Data →
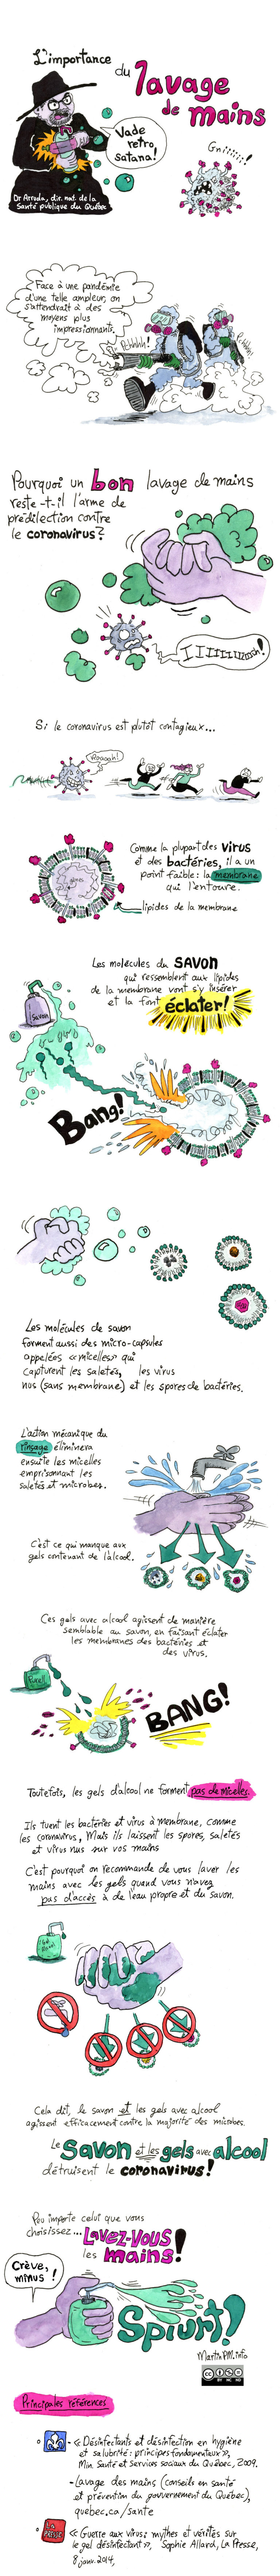 Bande dessinée de vulgarisation scientifique sur le lavage des mains dans la prévention de la pandémie de coronavirus et de la COVID-19.
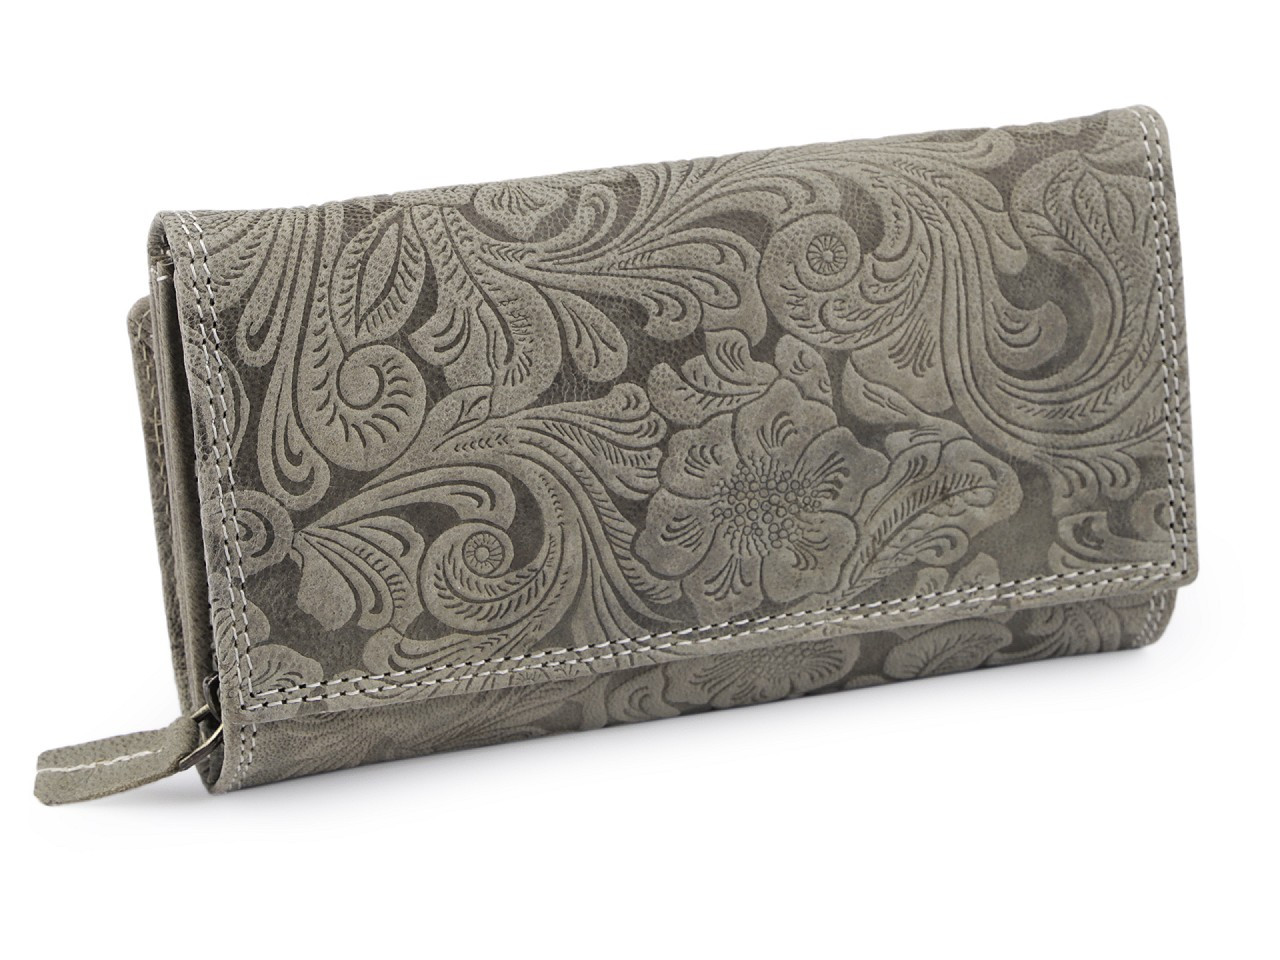 Dámská peněženka kožená s květy, barva 10 šedozelená sv.
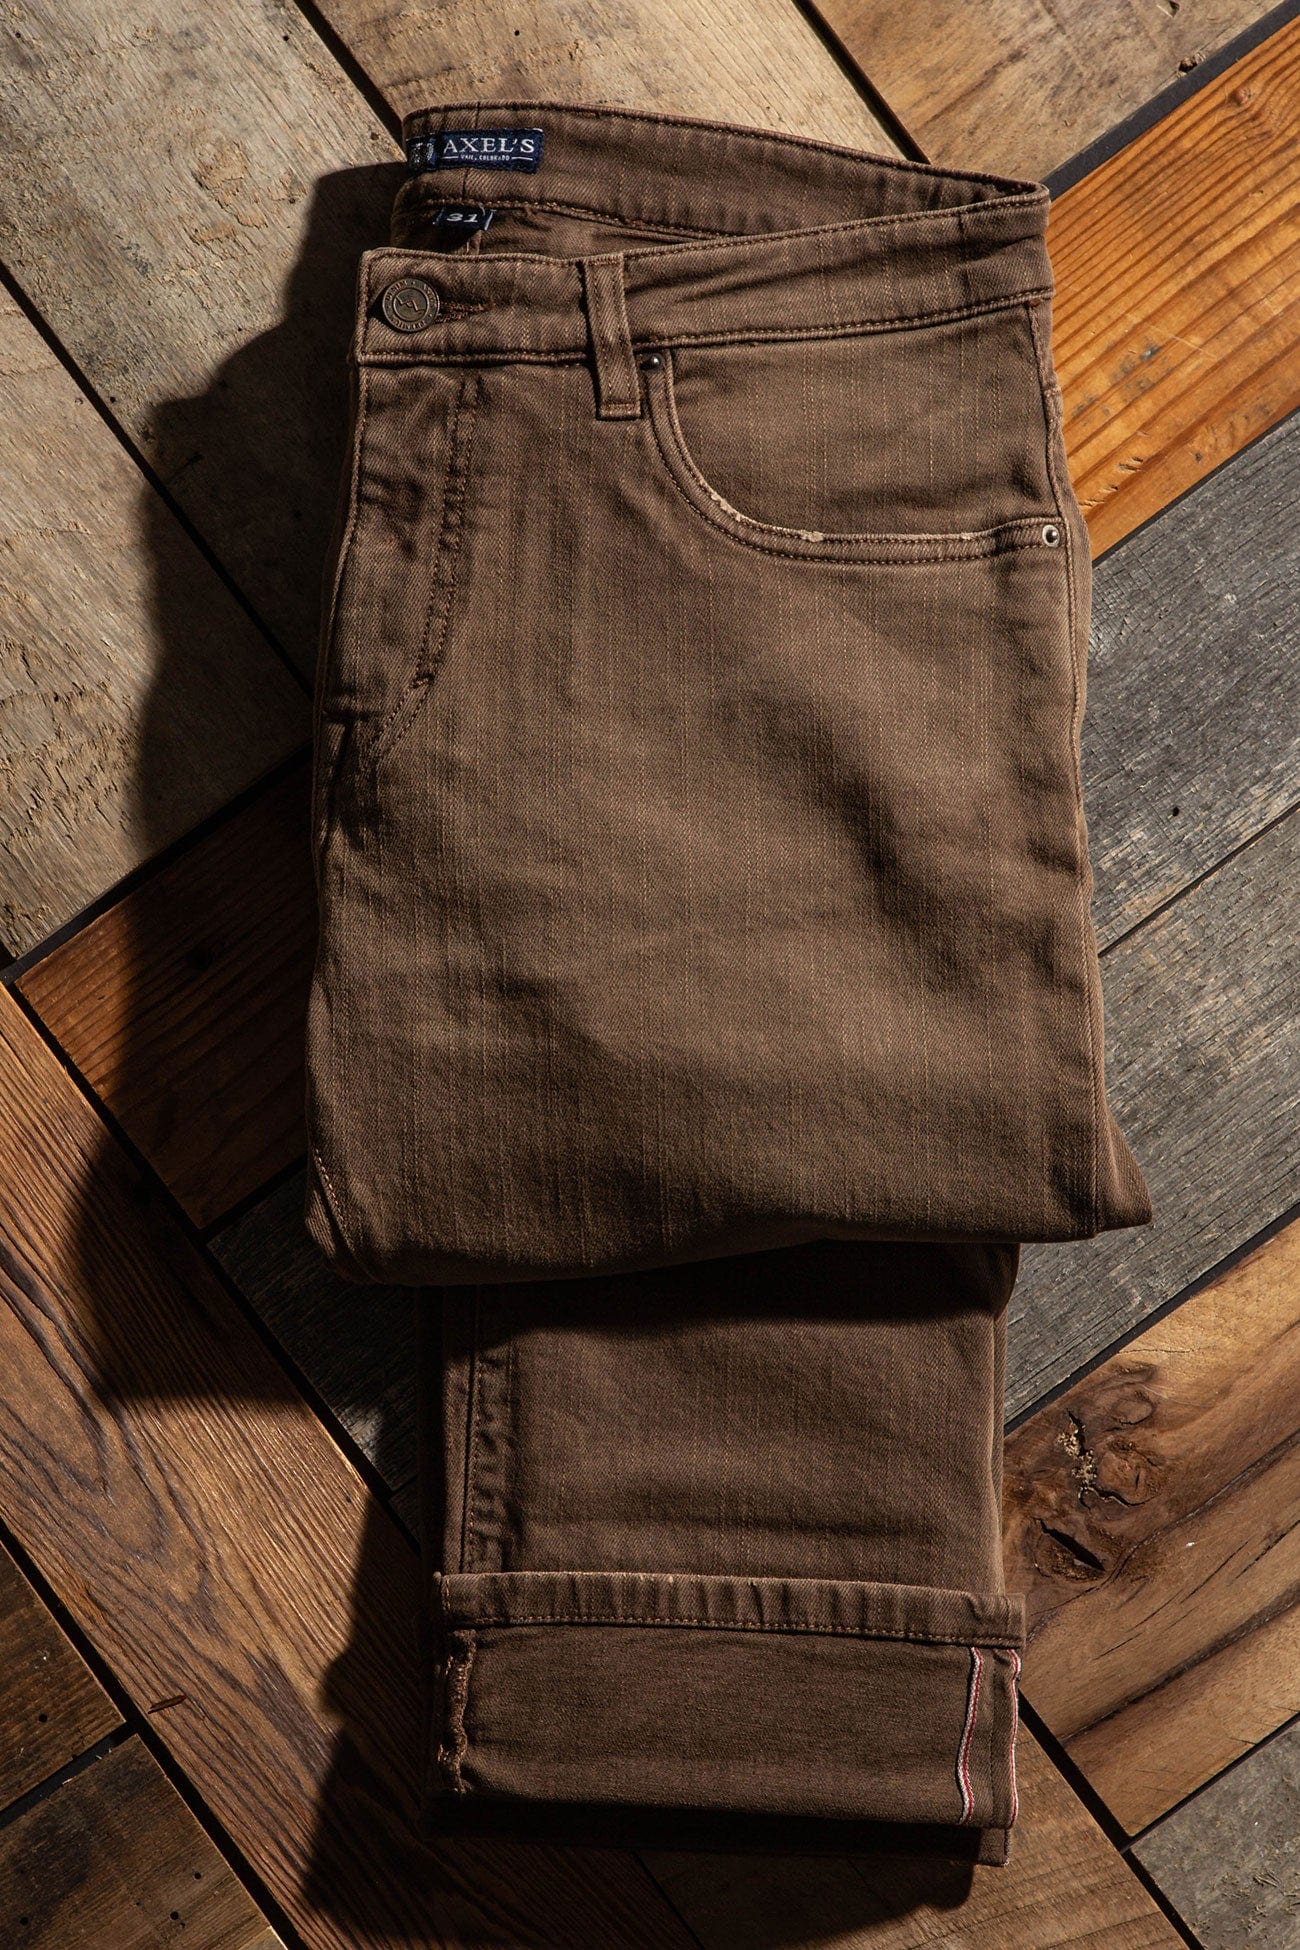 Axels Premium Denim Tucson Selvedge Denim In Liquirizia Mens - Pants - 5 Pocket

Task description →
All lines from the one holding "Dámská peněženka kožená" through the last line of the material above should be set down exactly, and the pictures should be left out.

Written answer →
 Dámská peněženka kožená s květy, barva 10 šedozelená sv.
 Axels Premium Denim Tucson Selvedge Denim In Liquirizia Mens - Pants - 5 Pocket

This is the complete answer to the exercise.